On the other hand, when the air conditioner 1 is driven by a heating mode, the four-way valve 3 switches over so that the first port 3a communicates to the third port 3c and the second port 3b communicates to the fourth port 3d. Thus, the high-temperature and high-pressure vapor-phase refrigerant discharged from the rotary compressor 2 is guided via the four-way valve 3 to the indoor heat exchanger 6, where the refrigerant heat-exchanges with the air passing through the indoor heat exchanger 6. In other words, the indoor heat exchanger 6 functions as a condenser.

As a result, the vapor-phase refrigerant passing though the indoor heat exchanger 6 is condensed by the heat exchange with the air, and transformed into a high-pressure liquid-phase refrigerant. The air passing through the indoor heat exchanger 6 is heated by the heat exchange with the vapor-phase refrigerant to be warm air and sent to the place to be air-conditioned (heated).

The high temperature liquid-phase refrigerant having passed the indoor heat exchanger 6 is guided to the expansion device 5 and depressurized while passing through the expansion device 5 and is transformed into a low-pressure gas-liquid two-phase refrigerant. The gas-liquid two-phase refrigerant is guided to the outdoor heat exchanger 4, which functions as an evaporator, and is evaporated here by heat-exchanging with the air to be transformed into a low-temperature and low-pressure vapor-phase refrigerant. The low-temperature and low-pressure vapor-phase refrigerant having passed the outdoor heat exchanger 4 is suctioned into the rotary compressor 2 via the four-way valve 3 and the accumulator 8.

Then, a concrete structure of the rotary compressor 2 used for the air conditioner 1 will be described with reference to FIGS. 2 to 8. FIG. 2 is a cross section of the 3-cylinder rotary compressor 2 in a vertical form. As shown in FIG. 2, the 3-cylinder rotary compressor 2 includes a sealed container 10, an electric motor 11 and a compression mechanism unit 12 as main structural elements.

The sealed container 10 includes a cylindrical circumferential wall 10a and is disposed stand up along the vertical direction. A discharge pipe 10b is provided in an upper end portion of the sealed container 10. The discharge pipe 10b is connected to the first port 3a of the four-way valve 3 via the circulation circuit 7. Furthermore, a lubricating oil for lubricating the compression mechanism unit 12 is reserved in a lower portion of the sealed container 10.

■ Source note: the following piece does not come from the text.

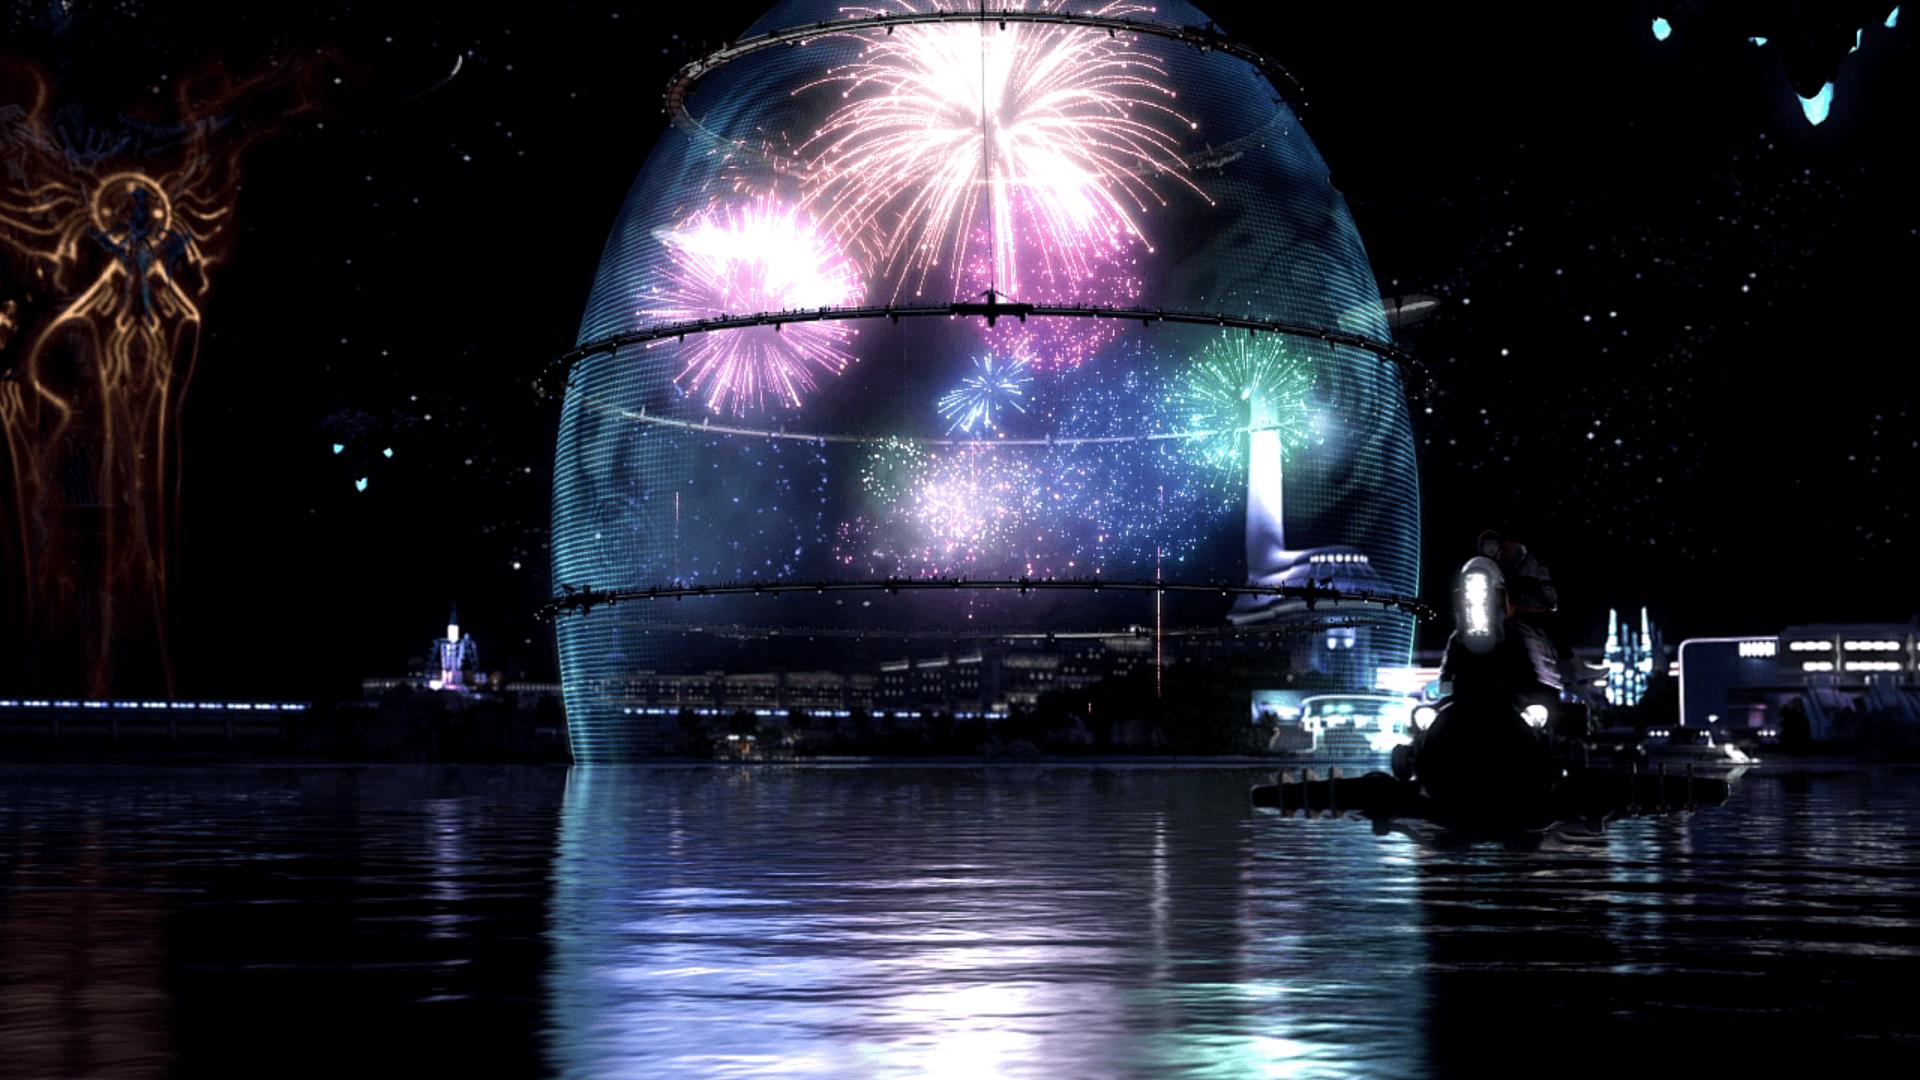 Final Fantasy XIII Bodhum fireworks

The electric motor 11 is accommodated in an axial middle portion of the sealed container 10 so as to be located above a surface level A of the lubricant oil. The electric motor 11 is the so-called inner rotor motor and comprises a stator 13 and a rotor 14. The stator 13 is fixed on an inner surface of the circumferential wall 10a of the sealed container 10. The rotor 14 is located to be coaxial with the sealed container 10 on a central axis O1 thereof and is surrounded by the stator 13.

The compression mechanism unit 12 is accommodated in the lower portion of the sealed container 10 to be immersed in the lubricant oil. As shown in FIGS. 2 and 3, the compression mechanism unit 12 comprises a first refrigerant compression unit 15A, a second refrigerant compression unit 15B, a third refrigerant compression unit 15C, a first intermediate partition plate 16, a second intermediate partition plate 17, a first bearing 18, a second bearing 19 and a rotary shaft 20 as main structural elements.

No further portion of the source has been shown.